Segundo ele, reajustes são permitidos, desde que exista motivo econômico comprovado. “Na prática, isso significa que o fornecedor até pode reajustar valores, mas precisa demonstrar fundamento econômico legítimo, como aumento de custos na cadeia de fornecimento, elevação do preço repassado por distribuidoras ou alterações decorrentes da política de preços da Petrobras, por exemplo.”

Ainda de acordo com o advogado, “quando o aumento ocorre sem correspondência com fatores objetivos de mercado, apenas por especulação ou antecipação de um possível reajuste futuro, pode-se caracterizar a chamada elevação sem justa causa”.

Como o consumidor pode denunciar

O advogado orienta que consumidores que perceberem aumentos suspeitos devem guardar comprovantes de abastecimento e formalizar denúncia.

A primeira atitude deve ser registrar e documentar a situação, guardando comprovantes de abastecimento, notas fiscais ou recibos, pois esses documentos podem servir como prova caso haja necessidade de apuração posterior.”

Ele também recomenda procurar órgãos de fiscalização. “Em seguida, é recomendável que o consumidor formalize uma denúncia junto aos órgãos de fiscalização, como o Procon Pernambuco. Também é possível comunicar o fato ao Ministério Público de Pernambuco, sobretudo quando houver indícios de prática reiterada ou impacto coletivo relevante”.

Consumidores que identificarem possíveis irregularidades podem registrar denúncia junto ao Procon-PE pelo e-mail denuncia@procon.pe.gov.br ou pelo telefone 0800 282 1512.

Petrobras atribui aumento do diesel à guerra no Oriente Médio

Até o momento, segundo a companhia, não há previsão de reajuste da gasolina/Fernando Frazão/Agência Brasil

A presidente da Petrobras, Magda Chambriard, atribuiu o aumento no preço do diesel anunciado nesta sexta-feira (13) à guerra no Oriente Médio. Em entrevista coletiva de imprensa nesta tarde, a empresa afirmou que, diante desse cenário, os preços estão sob monitoramento e avaliação diários.

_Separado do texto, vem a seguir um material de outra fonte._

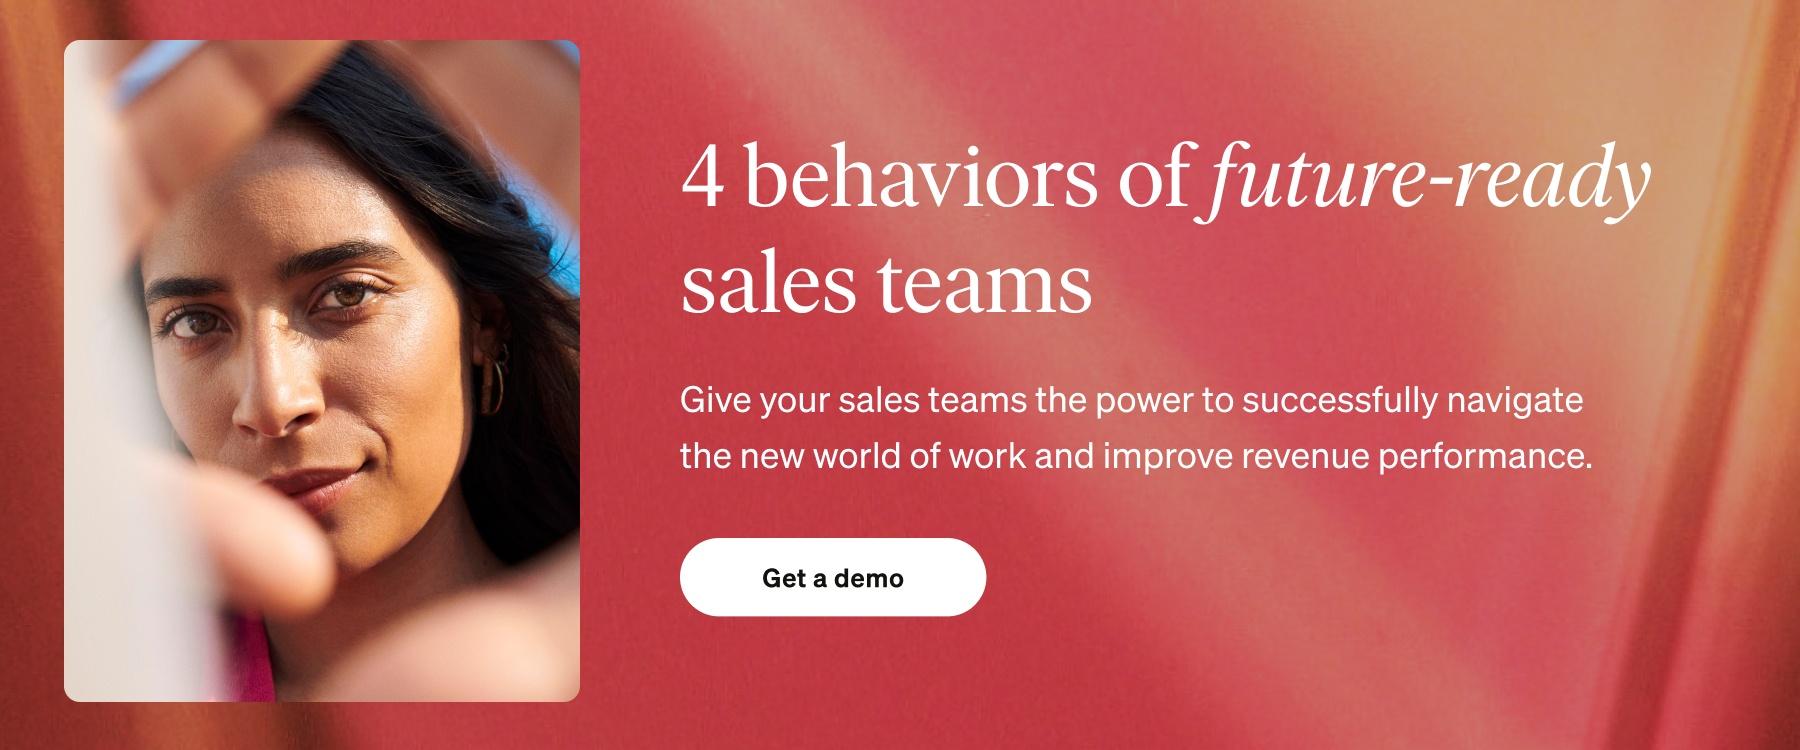 future-sales-team-cta

Até o momento, segundo a companhia, não há previsão de reajuste da gasolina.

Mesmo diante das incertezas no cenário internacional, a Petrobras informa que tem cumprido as entregas e oferecido às distribuidoras um fornecimento até mesmo acima do pactuado. Por isso, a estatal afirma que não há falta de combustíveis ou qualquer justificativa para aumentos abusivos aos consumidores finais.

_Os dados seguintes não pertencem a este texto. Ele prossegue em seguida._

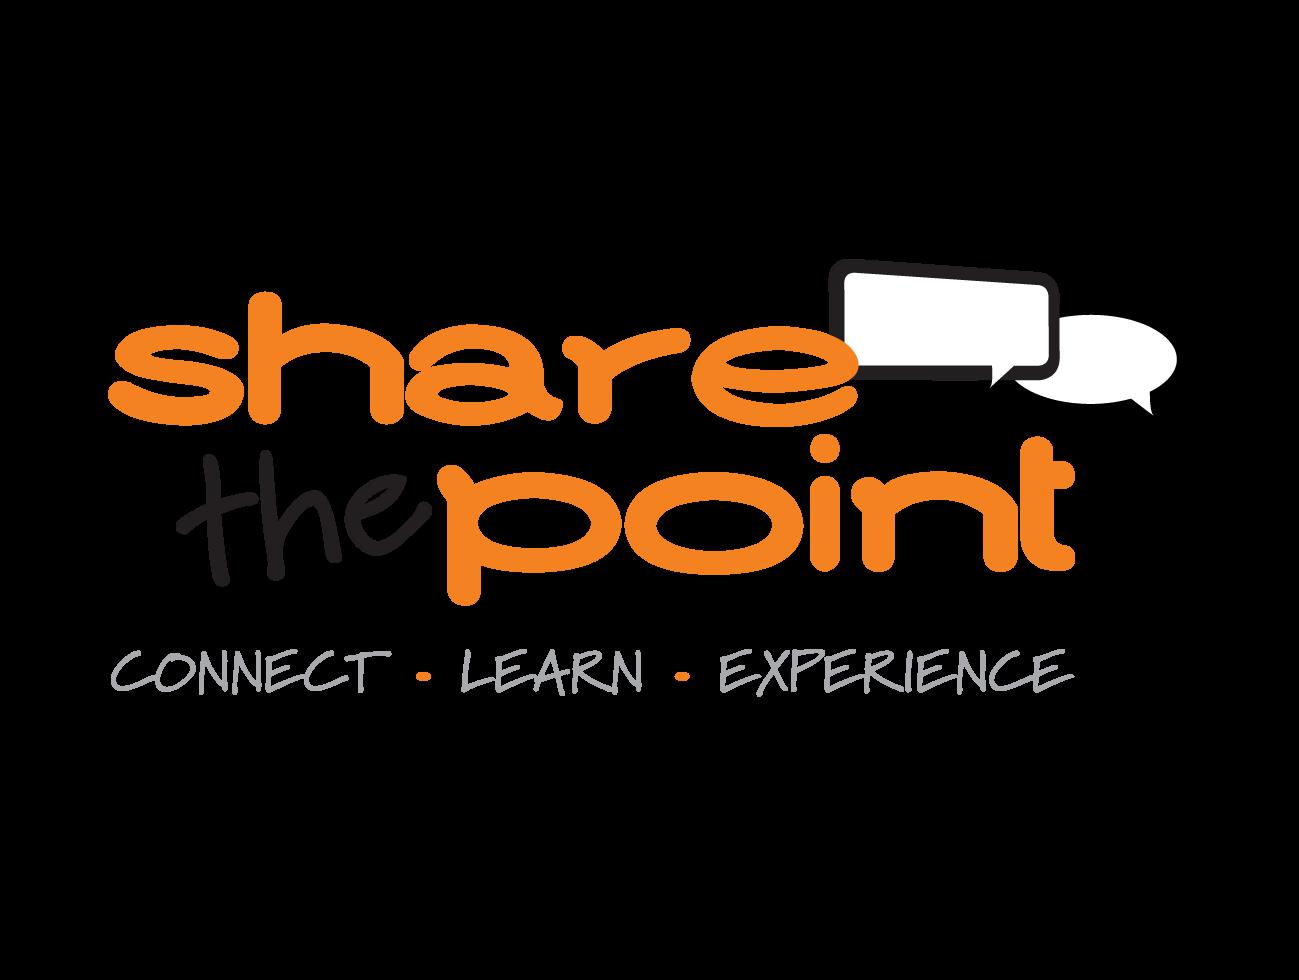 ShareThePoint logo

Nossa preocupação continua a mesma, não passar para a sociedade um nervosismo desnecessário”, enfatizou a presidente da Petrobras, Magda Chambriard.

Segundo Chambriard, o diesel vinha em uma trajetória de redução de preço nos últimos anos e precisou ter um acréscimo por conta da guerra.

A guerra foi o fator determinante para esse aumento. Eu estava, 20 dias atrás, com tendência de queda de preço”, disse.

A executiva acrescentou que o aumento seria ainda maior se não fossem as medidas tomadas pelo governo federal, que zerou as alíquotas do PIS e do Confins sobre a importação e comercialização do diesel.

De acordo com cálculos do Ministério da Fazenda, a suspensão dos impostos federais representa alívio de R$ 0,32 por litro no preço do diesel. Além disso, o governo assinou medida provisória (MP) com subvenção ao diesel para produtores e importadores.

Sem as medidas de proteção ao mercado nacional, o aumento precisaria ser de R$ 0,70, que seriam repassados integralmente às distribuidoras. Com as medidas adotadas pelo governo federal, foi possível que esse valor caísse, na prática, para apenas R$ 0,06.

O governo agiu tempestivamente, transformando um acréscimo de R$ 0,70 em um acréscimo irrisório, praticamente nenhum, de R$ 0,06”, destacou Chambriard.

Para o consumidor final, o impacto dos R$ 0,06 deve ser ainda menor, uma vez que o diesel é misturado ao biodiesel. O preço final, no entanto, depende de decisões dos postos de gasolina.

Impactos ao consumidor

Mesmo sem qualquer reajuste na gasolina, segundo relatos de consumidores, postos têm aumentado o preço do combustível. Perguntada se há motivos para isso, Chambriard disse que não, porque as entregas estão em dia e não houve aumento do preço.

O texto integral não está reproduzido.